Shkreli purchased the album for a staggering $2 million, receiving a 50% copyright interest, though in doing so entered an agreement restricting the album’s use for a term of 88 years. Specifically, the agreement proscribed using or replicating the album for any commercial purpose and even most non-commercial purposes, though permitting Shkreli to exhibit the album for smaller groups in non-commercial settings (i.e., “such as [Shkreli]’s home, museums, art galleries, restaurants, bars, exhibition spaces, or other similar spaces not customarily used as venues for large musical concerts”).
Fast forward to 2017, and Shkreli’s well-covered convictions for securities fraud. After his sentencing and entry of a forfeiture order, the federal government seized Shkreli’s interest in Once Upon a Time in Shaolin and eventually sold it to PleasrDAO, a cryptocurrency collective engaged in the collection of digital art and cultural artifacts. PleasrDAO promptly sued Shkreli in the Eastern District of New York, leveling claims for his alleged retention and use of the album. Specifically, PleasrDAO alleged that Shkreli had played copies of the album’s musical works on live internet streams, redistributed copies for third parties, and boasted on social media and podcasts of sharing the works with thousands of people and hiding copies in “safes around the world.”

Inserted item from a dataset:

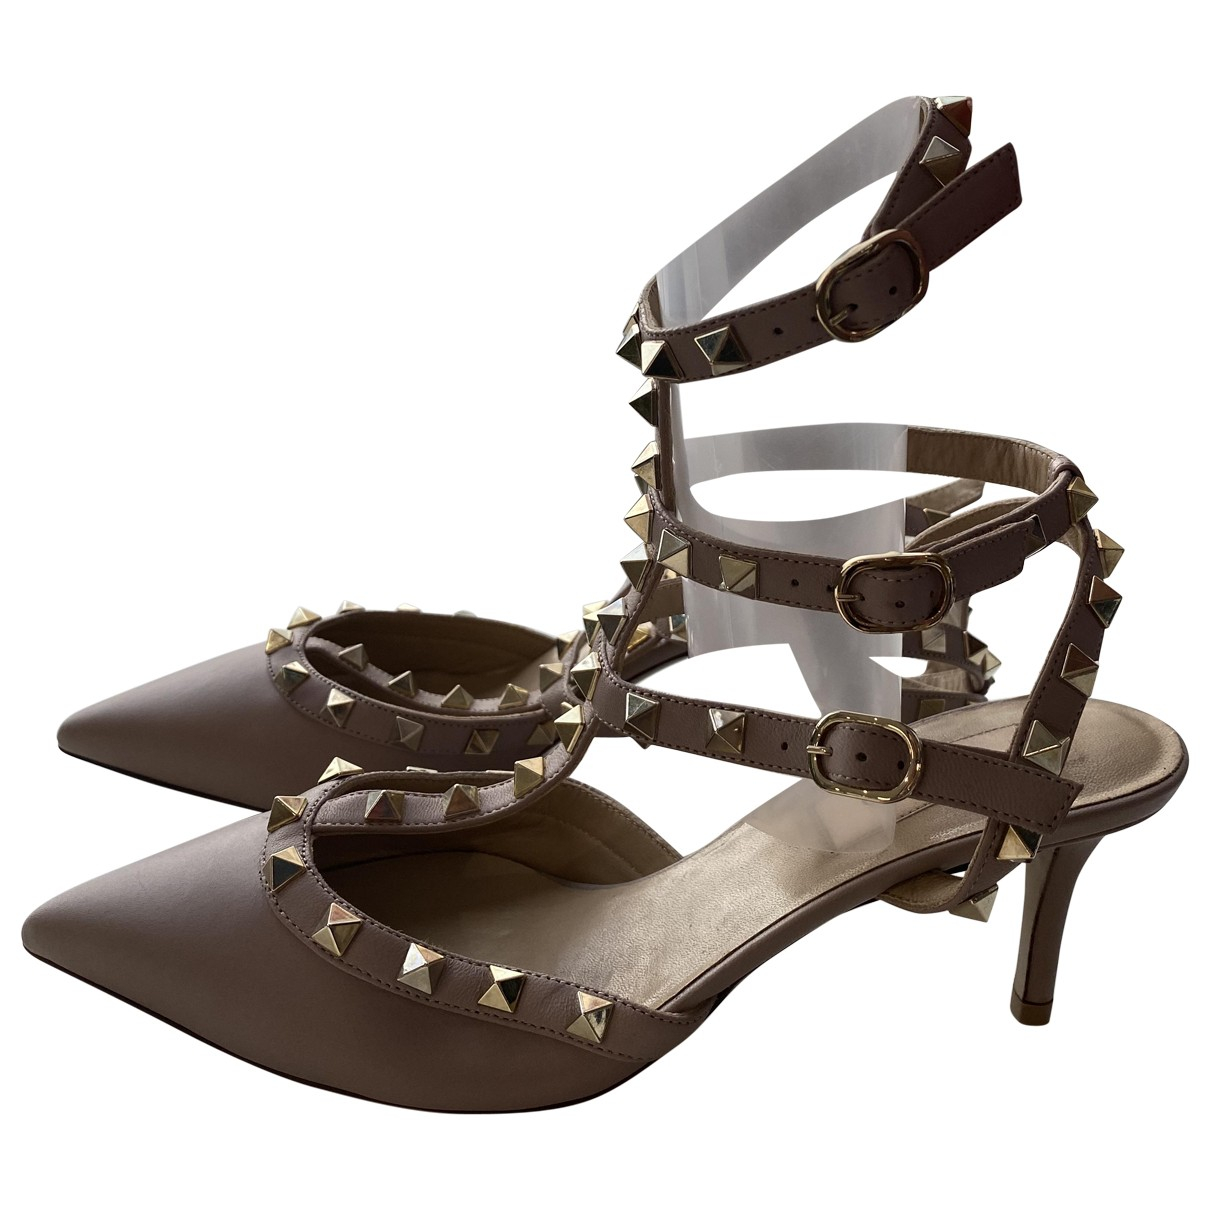 Valentino Garavani Rockstud Beige Leather Heels for Women 37.5 EU

The legal twist? PleasrDAO asserted claims of trade secret misappropriation under the DTSA and New York law—alleging the album itself was a trade secret. Over Shkreli’s motion to dismiss, and in an apparent first for a musical work, Judge Chen agreed that PleasrDAO had plausibly alleged the album was deserving of trade-secret protection. Applying the Second Circuit’s Integrated Cash factors, Judge Chen agreed that allegations concerning the album’s confidential nature, strict contractual restrictions governing its use, and the elaborate security measures PleasrDAO has taken (armed guards, secure transport, video surveillance) to protect it support a plausible case for trade secret protection. The album’s staggering price—$2 million to Shkreli, $4 million to PleasrDAO—further bolstered an inference of the album’s independent economic value—event though it “does not fit squarely within a category of business information or data that is traditionally protectable as trade secrets.”
Faced with other decisions in which courts had declined to treat unreleased songs as trade secrets—including works by Prince and Janet Jackson—Judge found PleasrDAO’s “unique” business model it be a key distinguishing feature creating a plausible inference of a competitive economic advantage from the album’s secrecy—i.e., the “ability to exploit its exclusivity to create an ‘experience’ that its competitors cannot.”
Practice Note:
Although a potentially unique case, the court’s willingness to apply trade-secret protection to a guarded musical work invites artists and IP owners to think creatively about the commercialization of their works. Through limited access and distribution, taking reasonable measures to preserve confidentiality and security, and packaging their works as an exclusive experience, IP owners may leverage a lucrative revenue source with the potential to preserve the benefit of trade-secret protection—a protection otherwise forfeited by a release to the general public.